# INPUT DATA
--- START ---

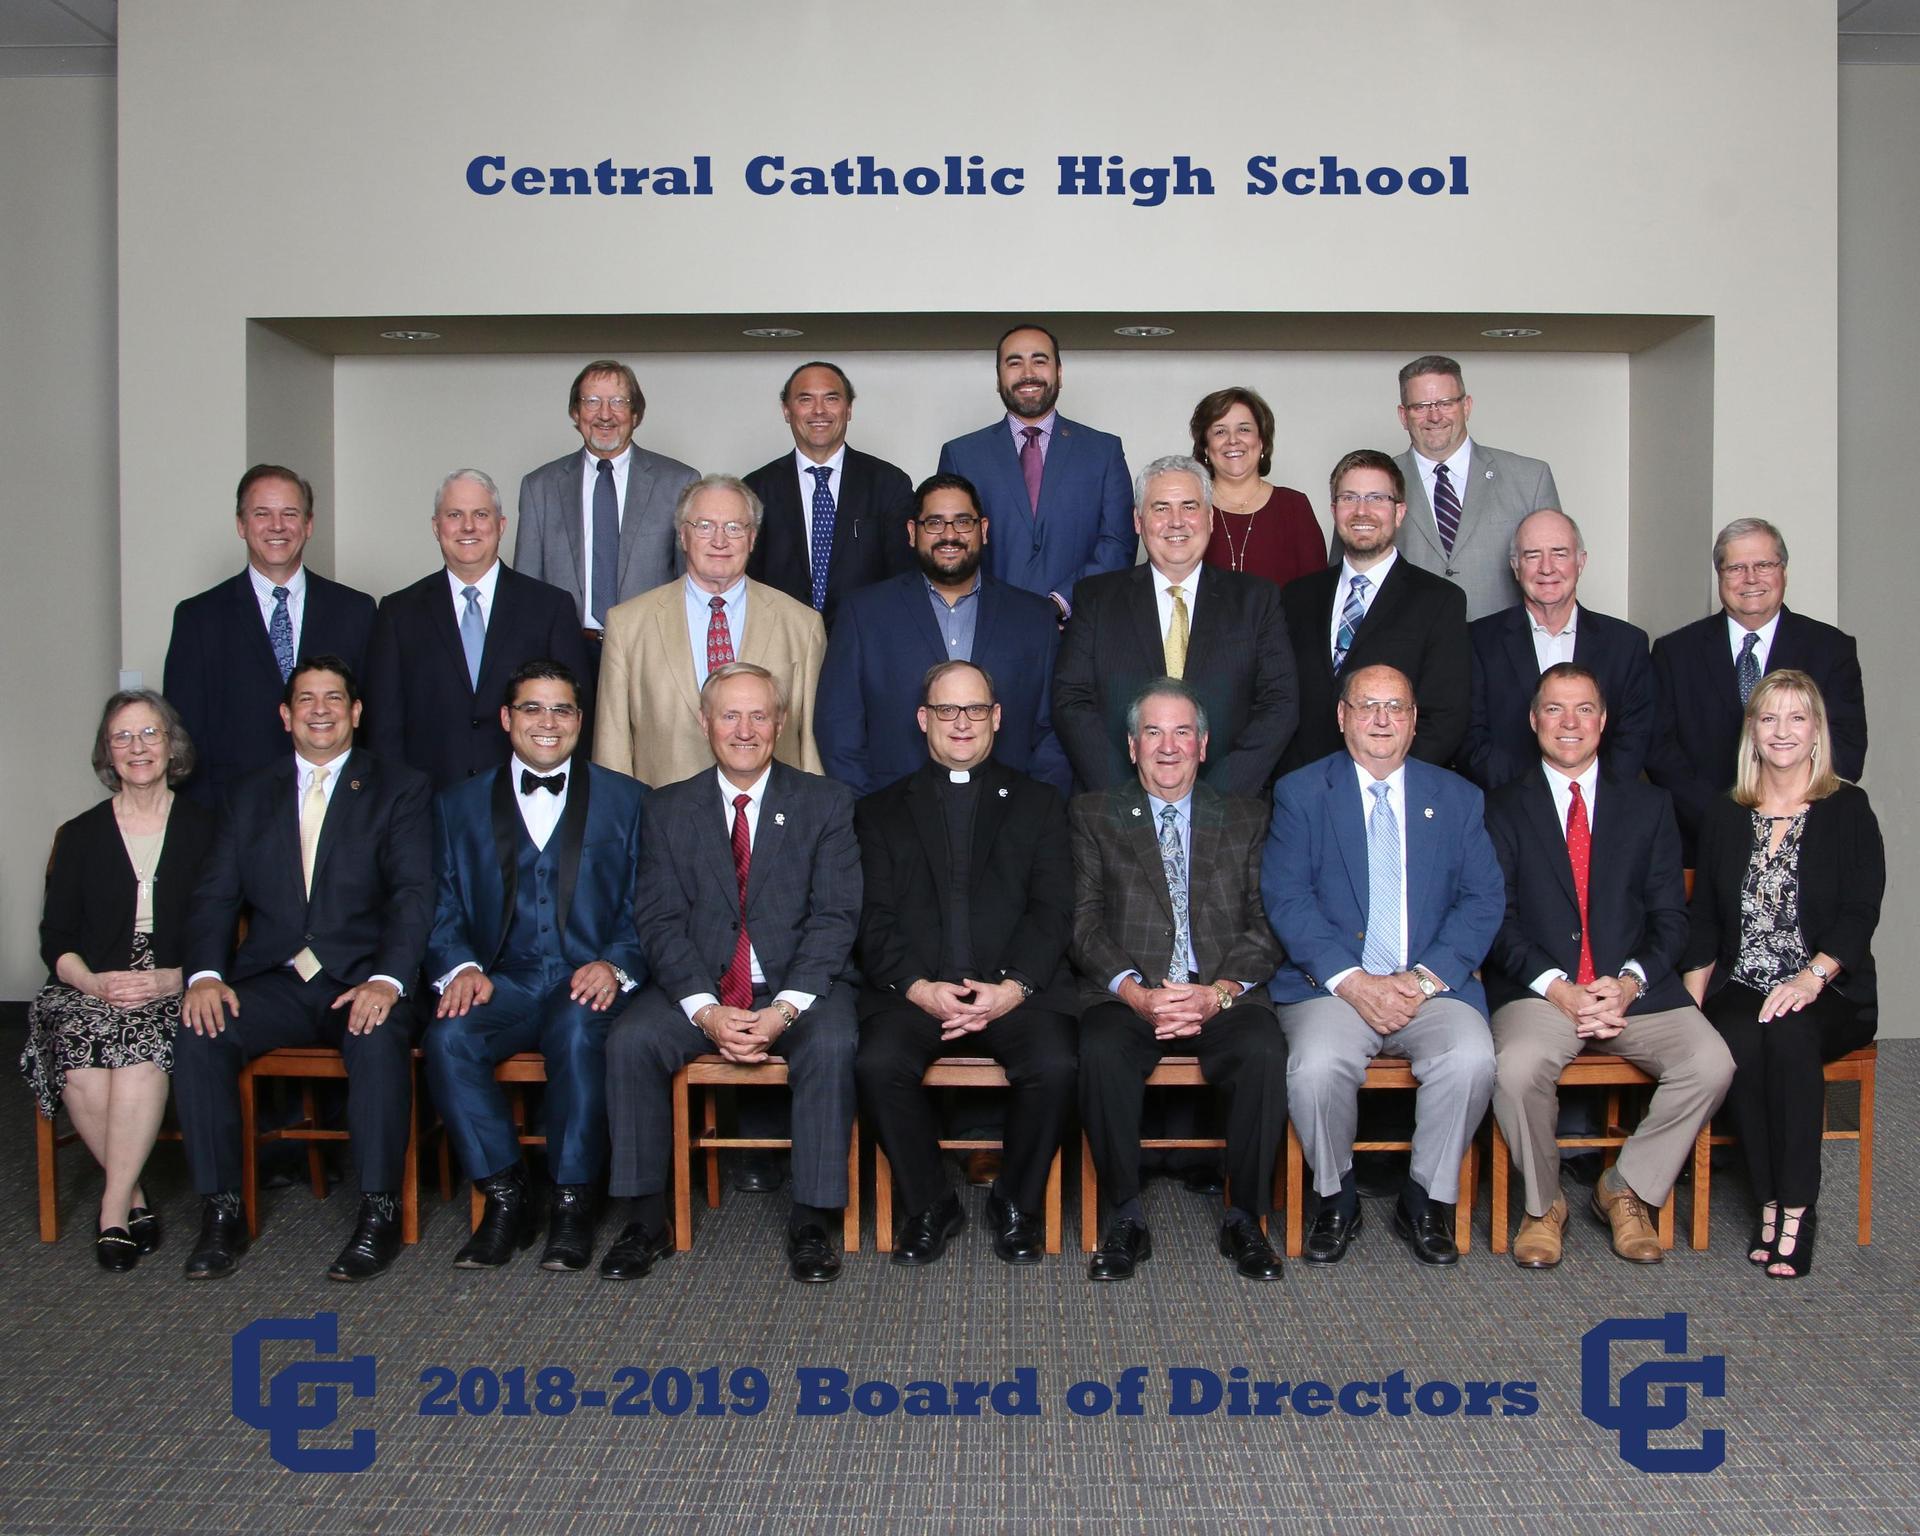 2018-2019 Board of Directors
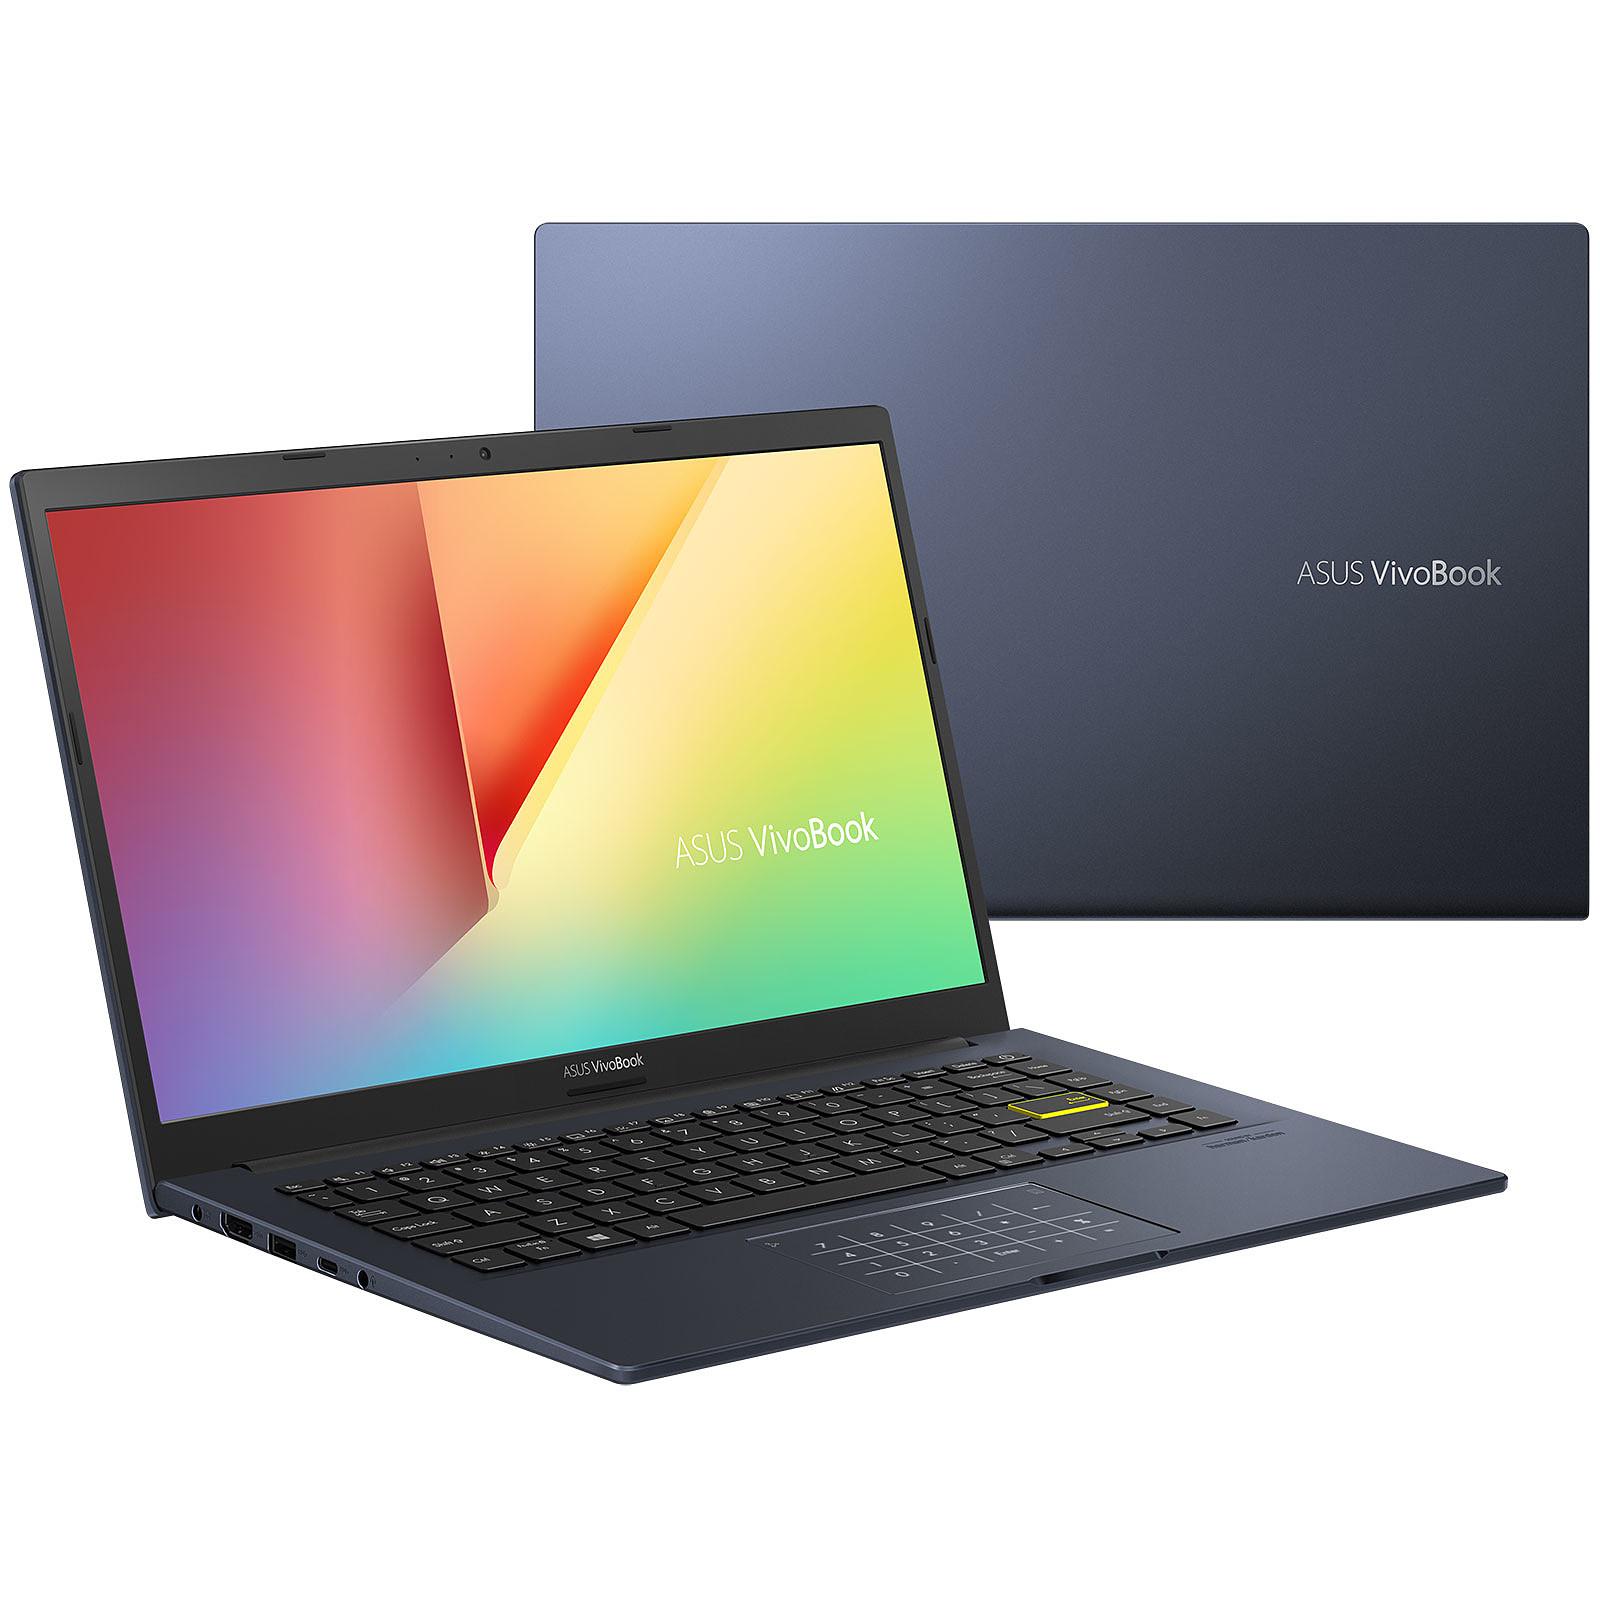 ASUS Vivobook S14 S413DA-EK089T avec NumPad
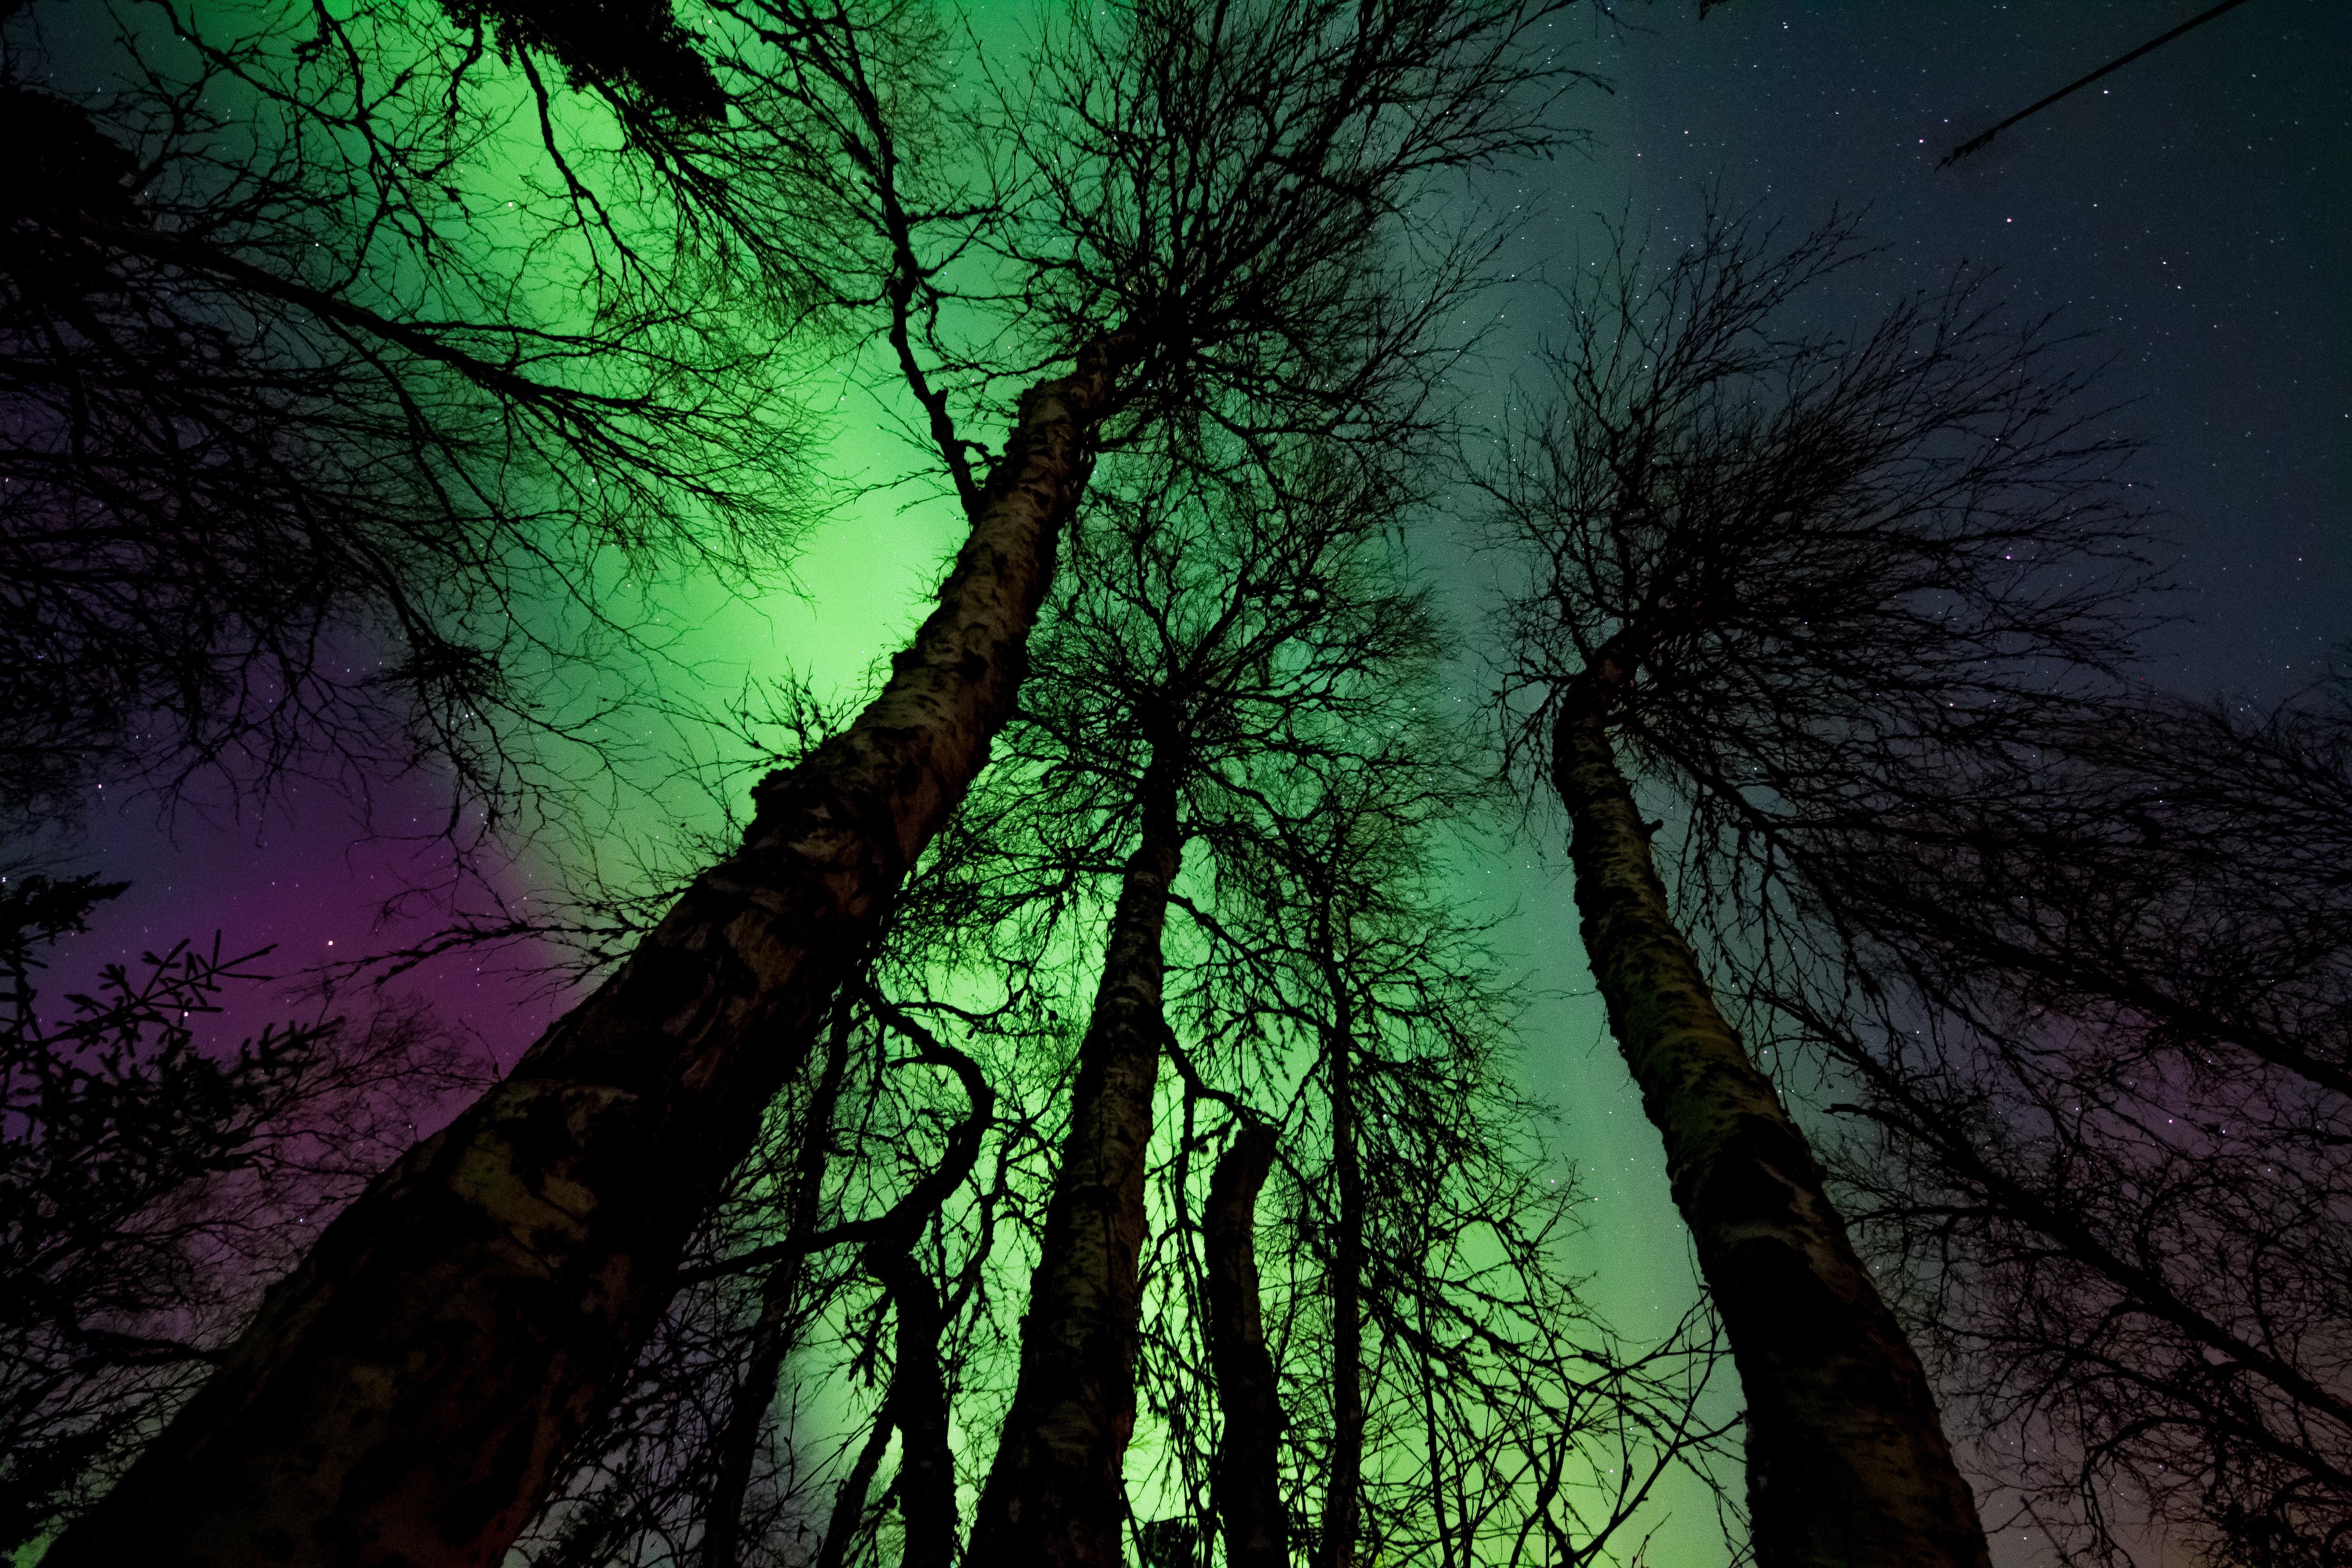 Aurora Borealis, Astronomy, Nightscape, Stars, Starry night, HQ Photo

--- END ---

# EXERCISE DIRECTIONS
With the pictures set aside, write out the whole listing exactly.

# SOLVED PROBLEM
 2018-2019 Board of Directors
 ASUS Vivobook S14 S413DA-EK089T avec NumPad
 Aurora Borealis, Astronomy, Nightscape, Stars, Starry night, HQ Photo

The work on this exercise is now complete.